→ Your goal
Copy the data that follows exactly, and include none of its images.

→ Data excerpt
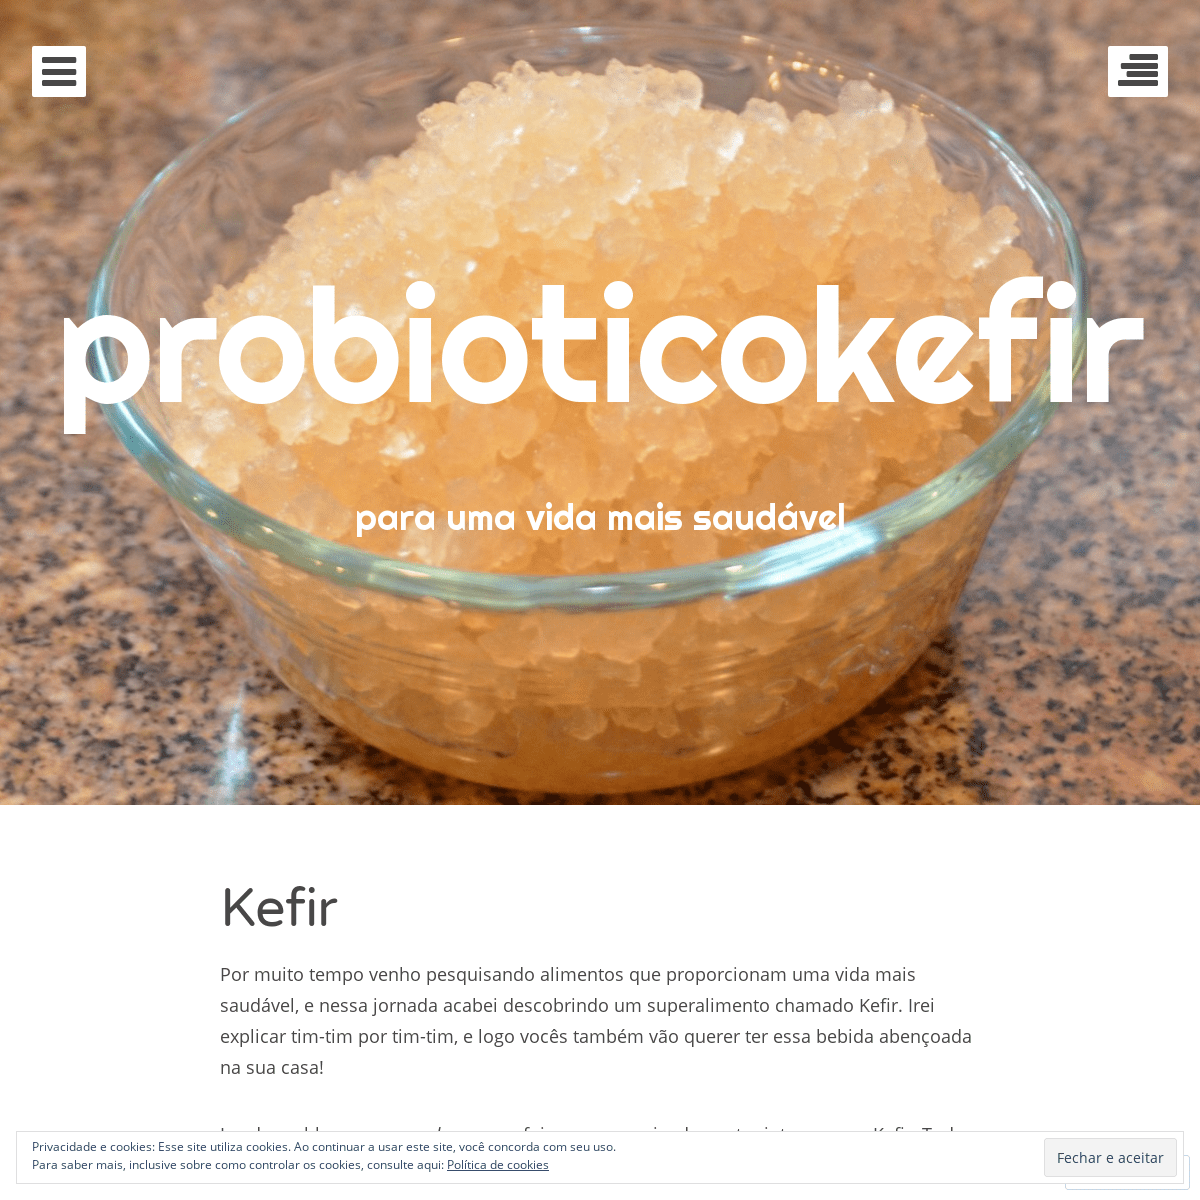 A complete backup of probioticokefir.wordpress.com
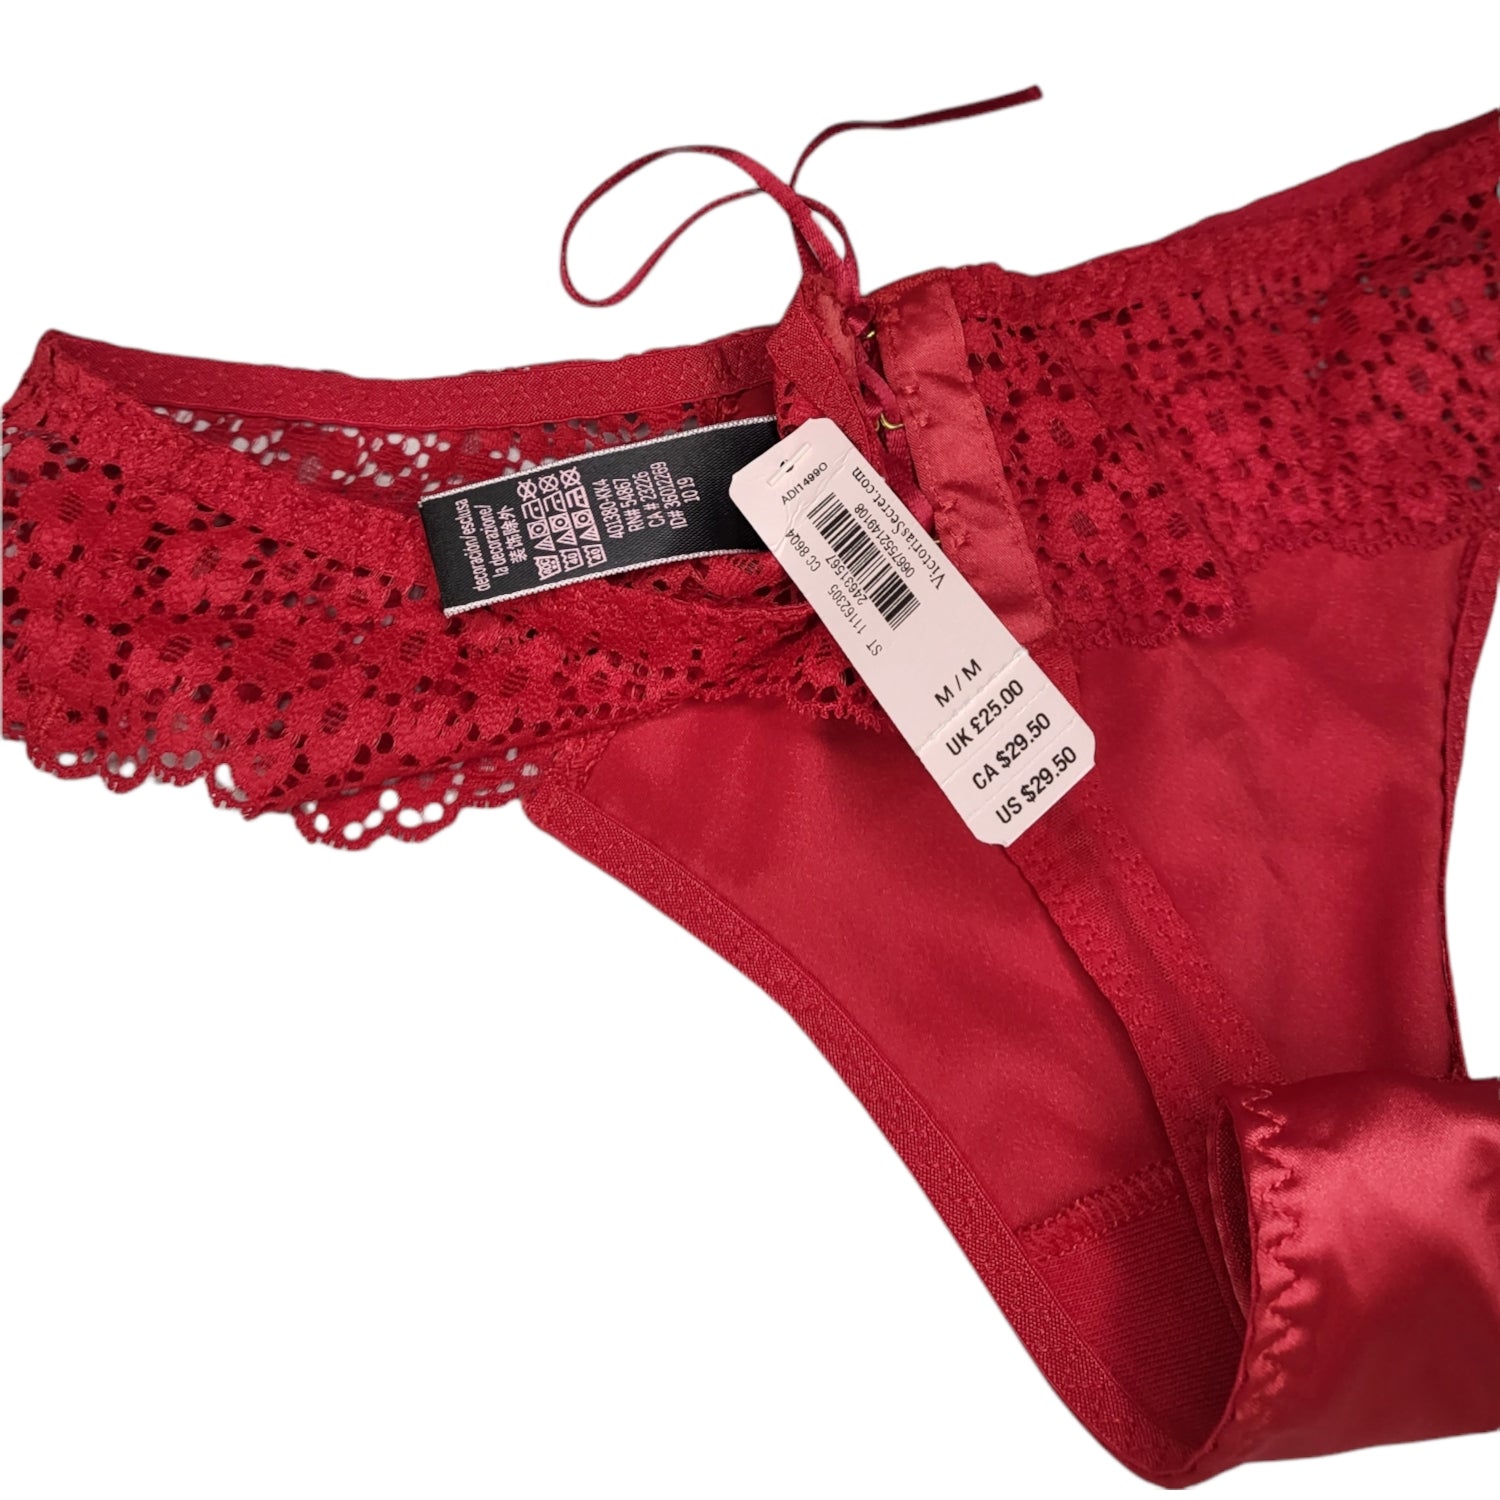 Victoria's Secret, Intimates & Sleepwear, Victorias Secret Mesh Corset Red
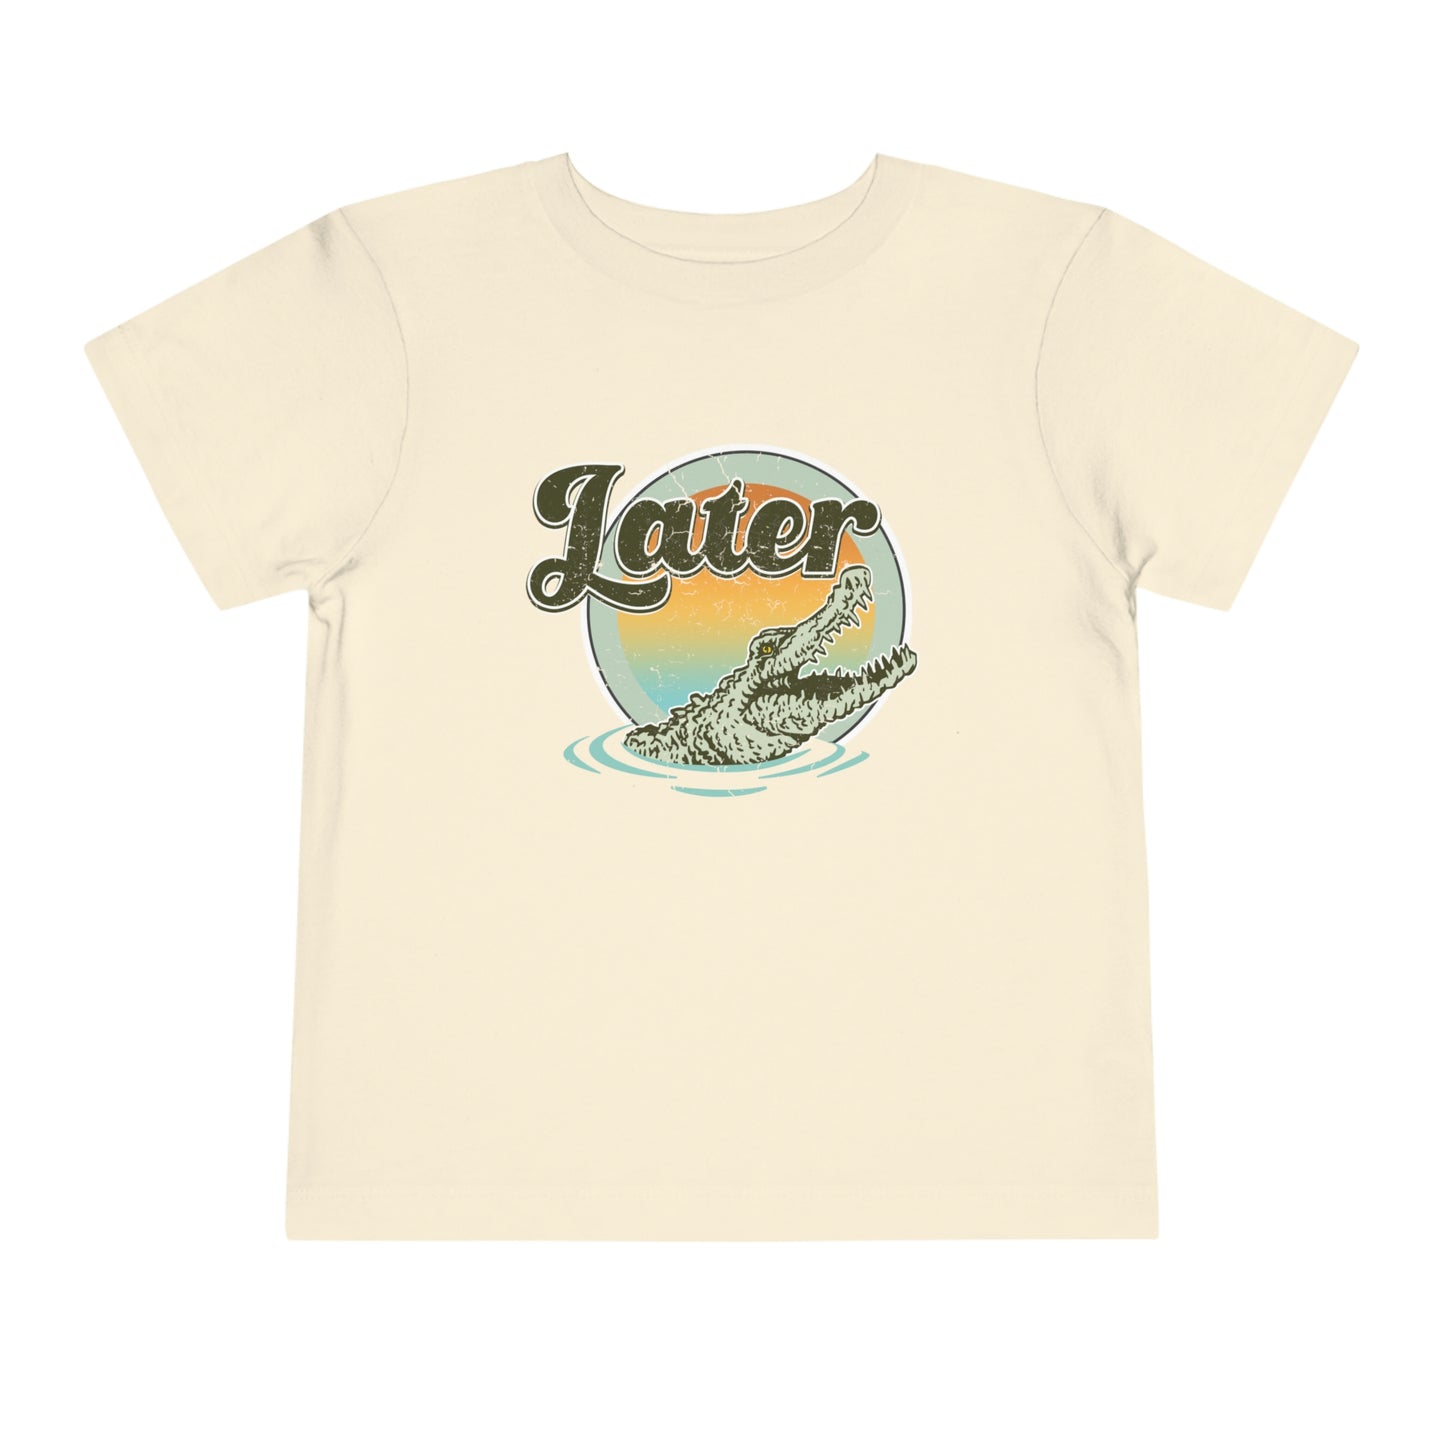 "Later Gator" Toddler Short Sleeve Tee (2T-5T)

→ Answer for the task
 A complete backup of probioticokefir.wordpress.com
 Victoria's Secret, Intimates & Sleepwear, Victorias Secret Mesh Corset Red
 "Later Gator" Toddler Short Sleeve Tee (2T-5T)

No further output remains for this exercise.